= Exercise =
Starting with the line that contains "für Ladekante Ihres" and ending with the last line of the listing, print each line exactly. Pictures stay out.

= Given information =
------------------------

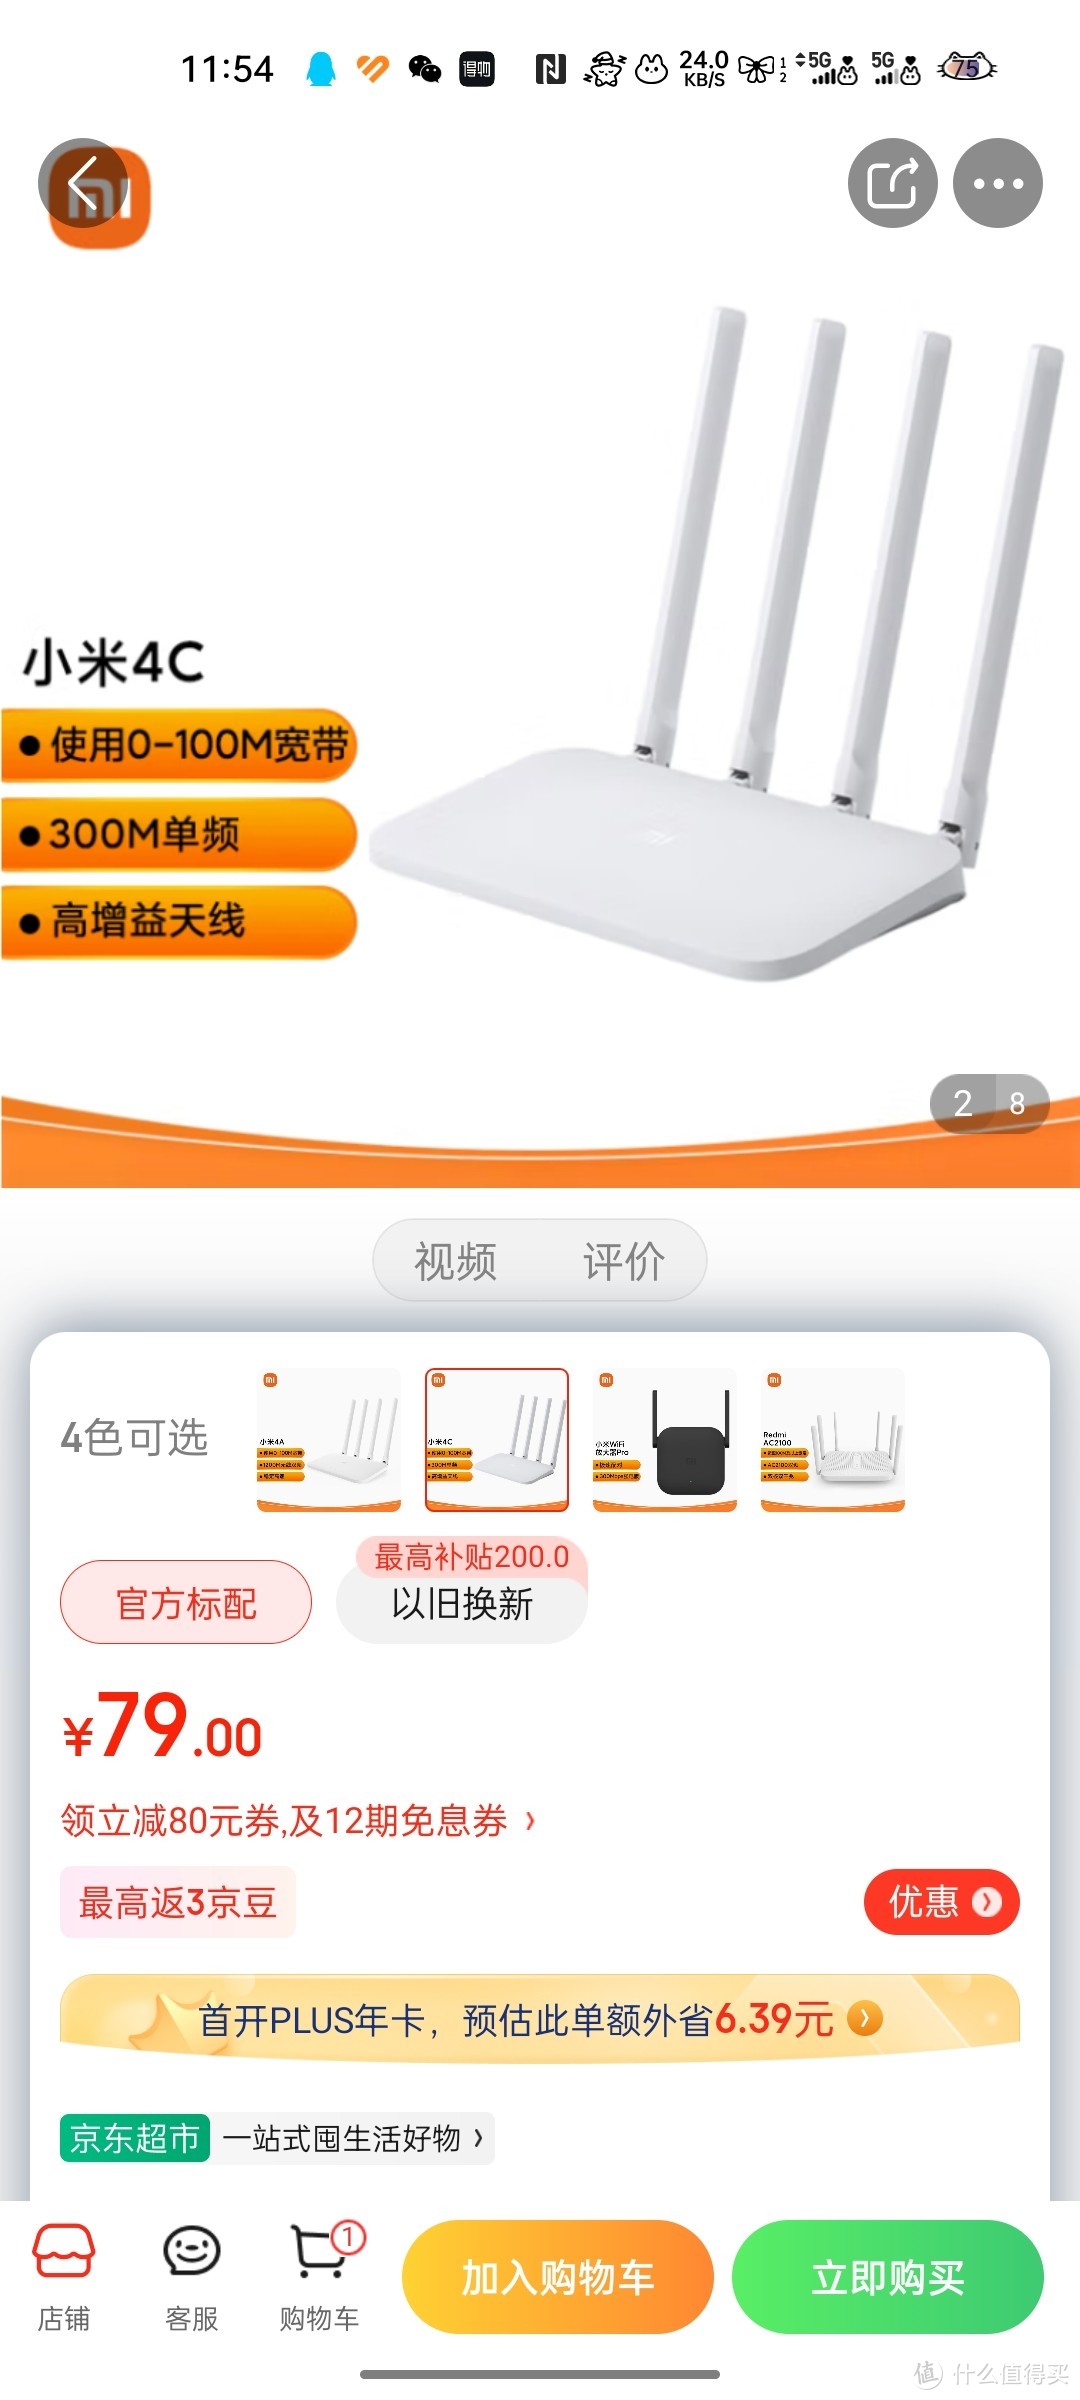 小米路由器4C(白色) 300M无线速率 智能家用路由器 安全稳定 WiFi无线穿墙好物分享呀冲冲冲买买买买买买
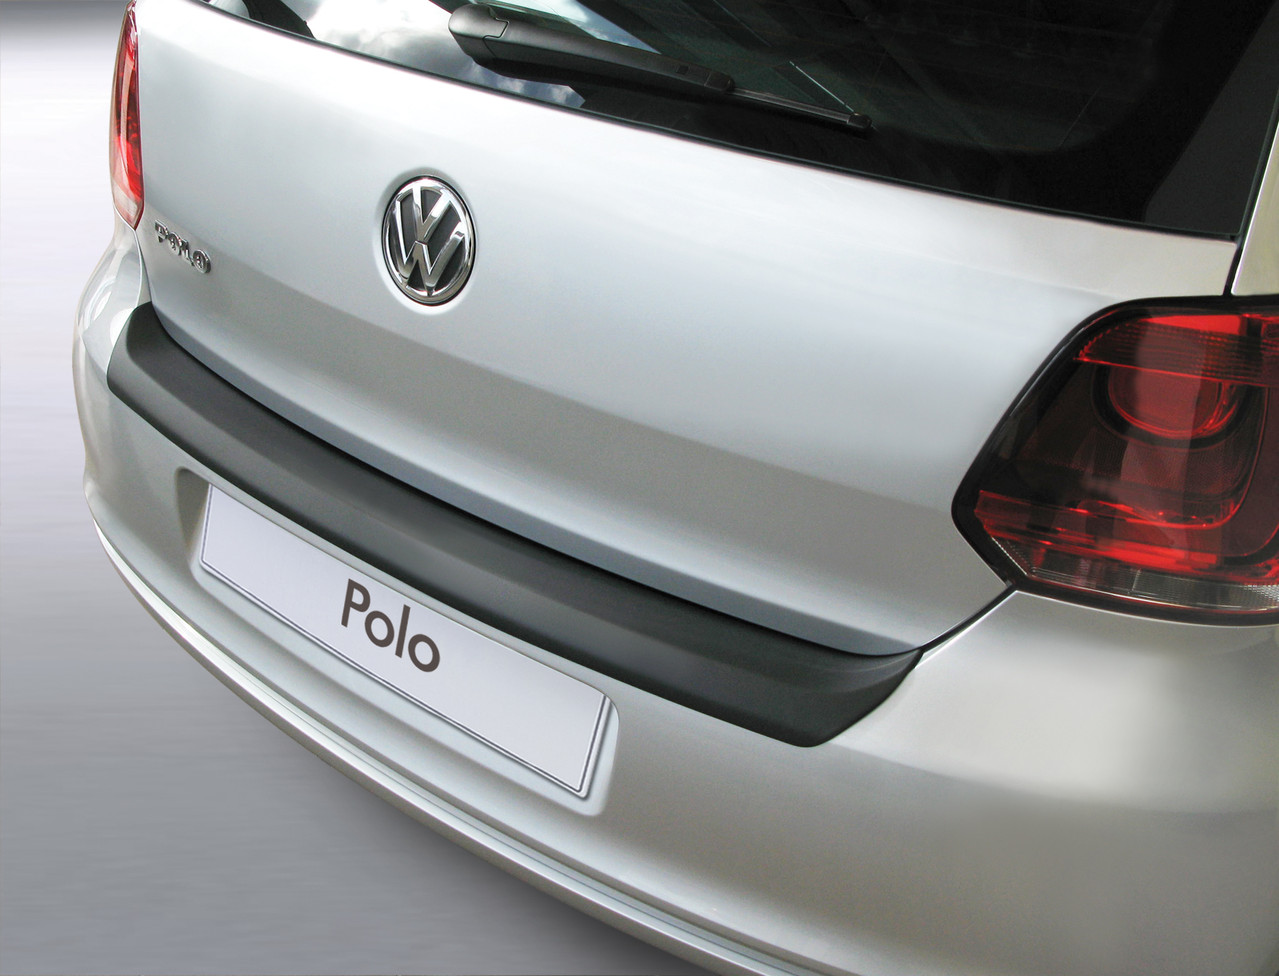 für Ladekante Ihres Schutz VW für Fahrzeuges - POLO Ladekantenschutz die
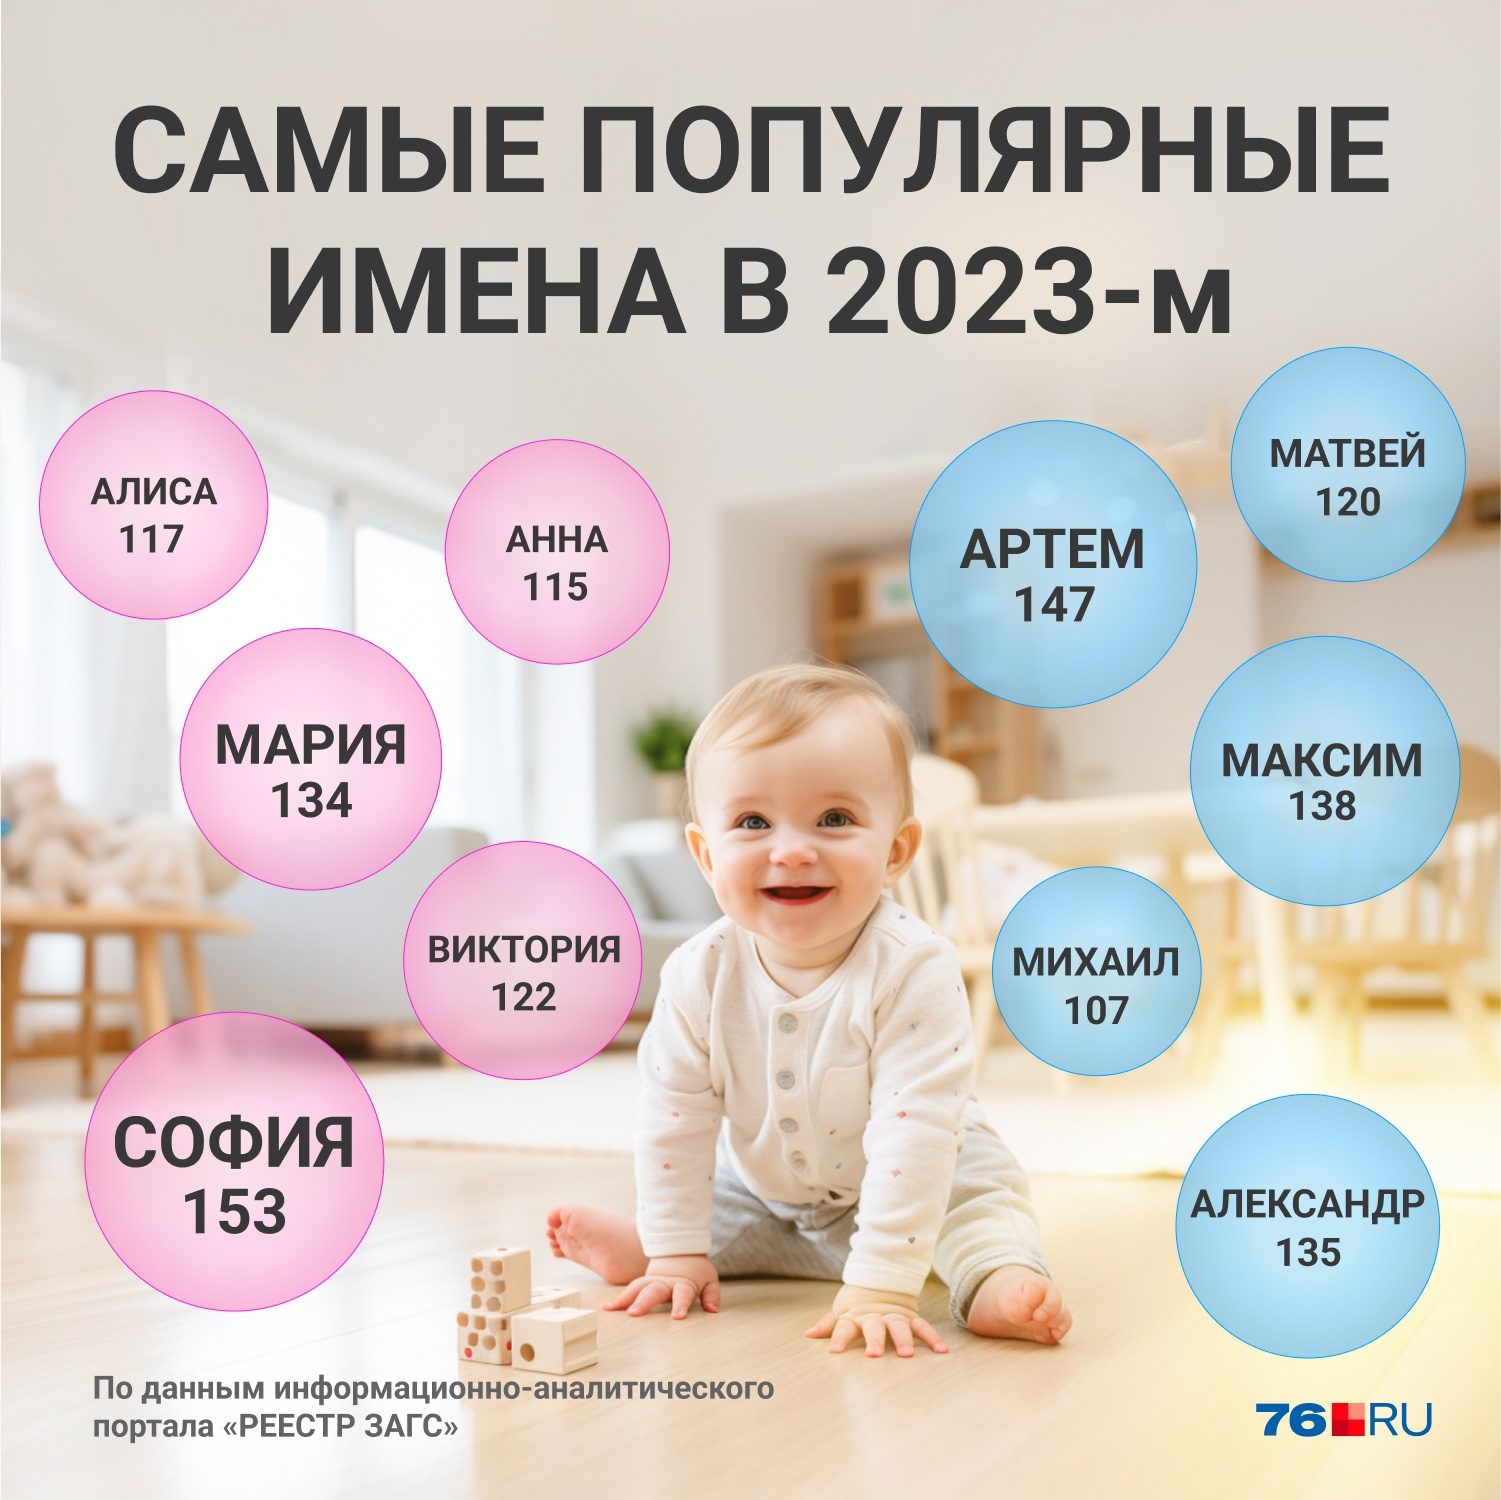 Московский ЗАГС назвал самые популярные и необычные имена новорожденных в 2023 году

------------------------

= Your solution =
 für Ladekante Ihres Schutz VW für Fahrzeuges - POLO Ladekantenschutz die
 Московский ЗАГС назвал самые популярные и необычные имена новорожденных в 2023 году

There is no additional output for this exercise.